The graph shows that the open, low, and high attributes do not add any usefull information in predicting the price therefore dropping them will not affect the model's performance.

In [None]:
df.drop(['Open', 'Low', 'High'], axis=1, inplace=True) #drop the unimportant columns

# Splitting data  


In [None]:
#method 1
from sklearn.model_selection import train_test_split
x=df.drop('target', axis=1)
y=df['target']
x_train, x_test, y_train, y_test = train_test_split(x, y, test_size=0.2, random_state=42)

In [None]:
#data normalization
from sklearn.preprocessing import MinMaxScaler
scaler= MinMaxScaler()
x_train= scaler.fit_transform(x_train)
x_test= scaler.transform(x_test)

In [None]:
#reshape data to [samples, timestep, features]
x_train=np.reshape(x_train, (x_train.shape[0], 1, x_train.shape[1]))
x_test=np.reshape(x_test, (x_test.shape[0], 1, x_test.shape[1]))

# RNN Model

In [None]:
#build the model
import tensorflow.keras as keras
model= keras.Sequential()
model.add(keras.layers.LSTM(3, input_shape=(x_train.shape[1], x_train.shape[2]), return_sequences=True))
model.add(keras.layers.LSTM(16, return_sequences=True))
model.add(keras.layers.LSTM(32))
model.add(keras.layers.Dropout(0.2))
model.add(keras.layers.Dense(1))
model.compile(loss='mean_squared_error', optimizer='adam')

In [None]:
model.fit(x_train, y_train, epochs=100, validation_data=(x_test, y_test))

# Evaluation  
Since accuracy can't be used, instead squared_mean_error will be used.
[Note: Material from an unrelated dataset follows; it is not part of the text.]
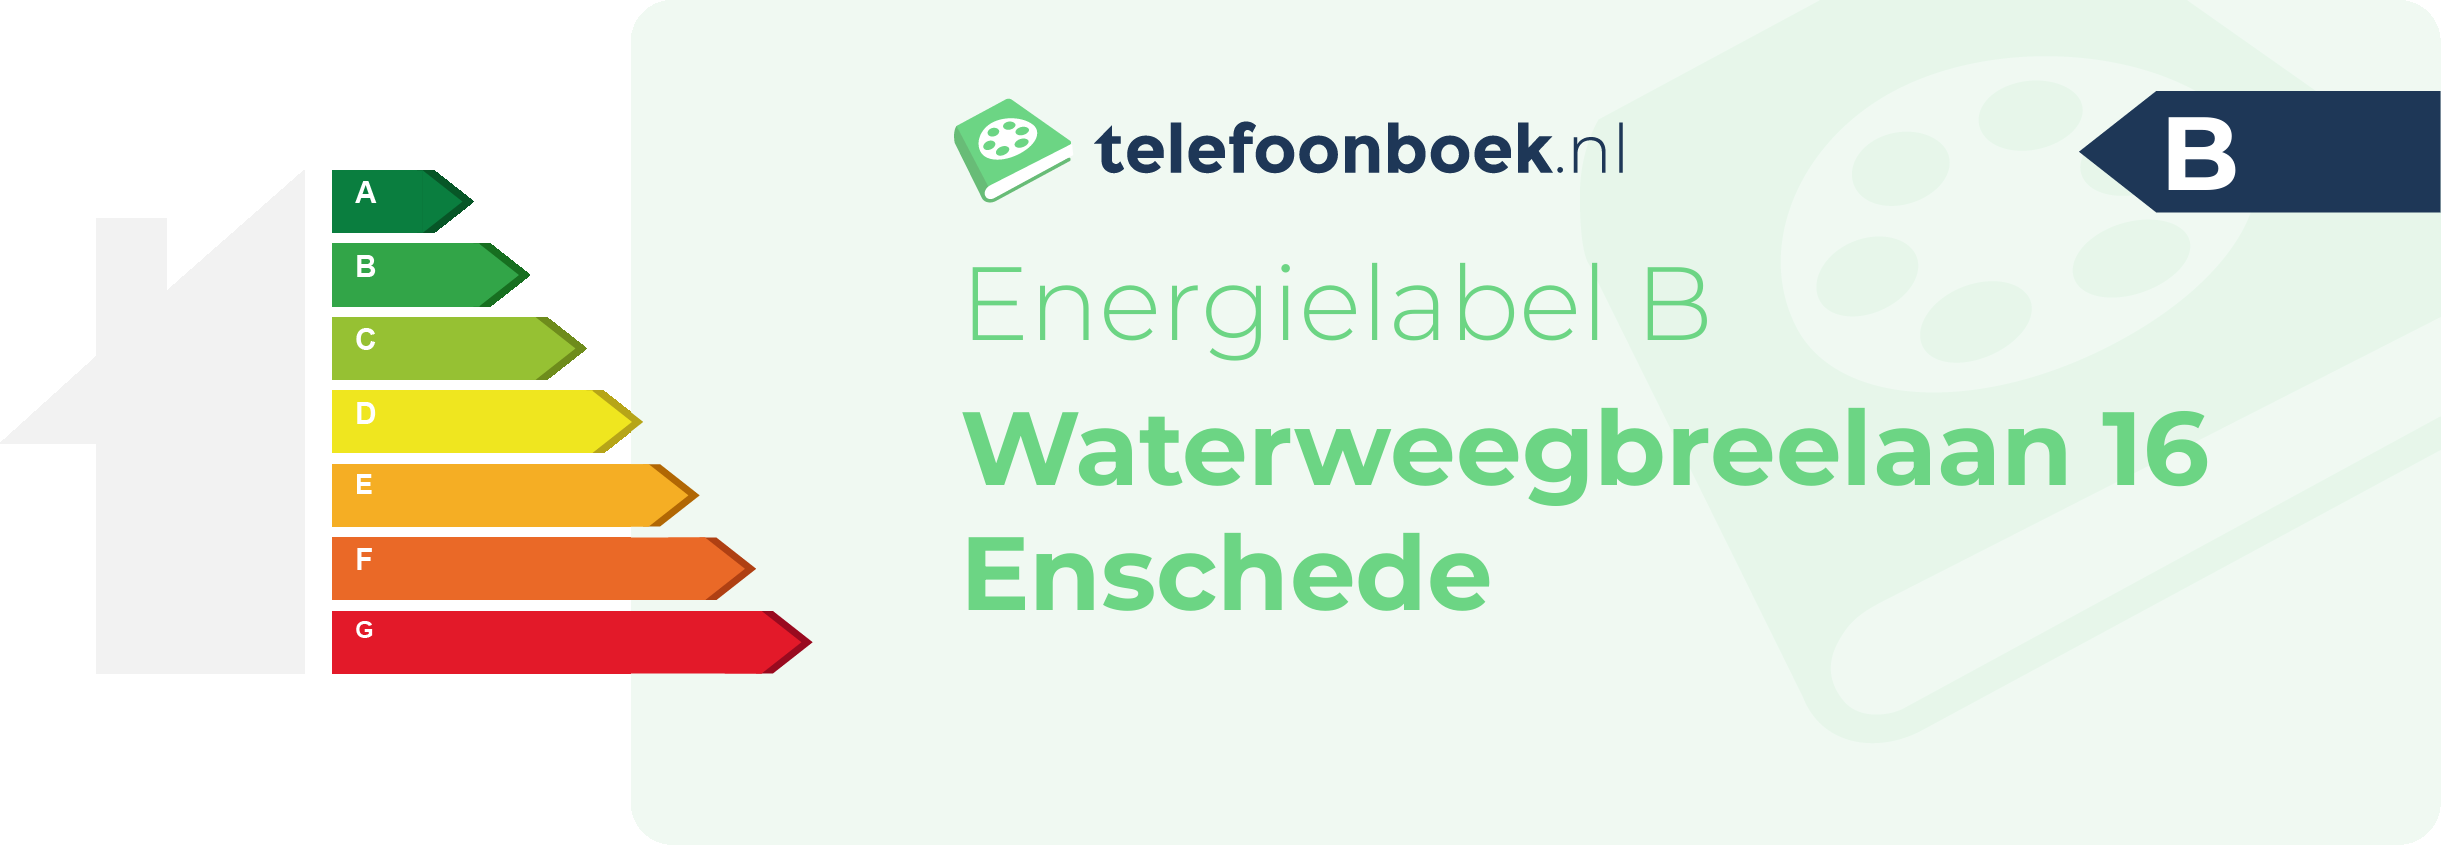 Energielabel Waterweegbreelaan 16 Enschede

And since we difined our loss function as squared_mean_error we can use the Val_loss as our metric (the lower the better)

In [None]:
fig = go.Figure()
fig.add_trace(go.Scatter( y=model.history.history['loss'],
                    name='loss'))
fig.add_trace(go.Scatter( y=model.history.history['val_loss'],
                    name='val_loss'))

fig.update_layout(
    title="Loss vs Val_Loss",
    xaxis_title="epochs",
    yaxis_title="loss_value",
    
    )

graph shows that no over fitting occured during training

# Graphing Model predictions

In [None]:
pred = model.predict(x_test)
fig = go.Figure()
fig.add_trace(go.Scatter( y=y_test,
                    name='actual_data'))
fig.add_trace(go.Scatter( y=pred.reshape(pred.shape[0]),
                    name='pred_data'))
fig.update_layout(
    title="Price of Dogecoin (Test Data)",
    xaxis_title="index",
    yaxis_title="Price in USD",
    
    )

In [None]:
test= df[round(len(df)*0.8):]
x_test=test.drop('target', axis=1)
y_test=test['target']
x_test= scaler.transform(x_test)
x_test=np.reshape(x_test, (x_test.shape[0], 1, x_test.shape[1]))
pred= model.predict(x_test)

In [None]:
fig = go.Figure()
fig.add_trace(go.Scatter( y=y_test,
                    name='actual_data'))
fig.add_trace(go.Scatter( y=pred.reshape(pred.shape[0]),
                    name='pred_data'))

fig.update_layout(
    title="Price of Dogecoin (Last 20%)",
    xaxis_title="index",
    yaxis_title="Price in USD",
    
    )


In [None]:
x=df.drop('target', axis=1)
y=df['target']

x=scaler.transform(x)
x= x.reshape(x.shape[0], 1, x.shape[1])
pred= model.predict(x)

In [None]:
fig = go.Figure()
fig.add_trace(go.Scatter( y=y,
                    name='actual_data'))
fig.add_trace(go.Scatter( y=pred.reshape(pred.shape[0]),
                    name='pred_data'))

fig.update_layout(
    title="Price of Dogecoin (Full Data)",
    xaxis_title="index",
    yaxis_title="Price in USD",
    
    )

Note: model could not predict the abnormal increase in price at index 955

# Conclusion  
Given the sudden changes in the data especially in the last 20% the model performed quite well.  
In the future i could use transformers instead of LSTM and see how it affects performance.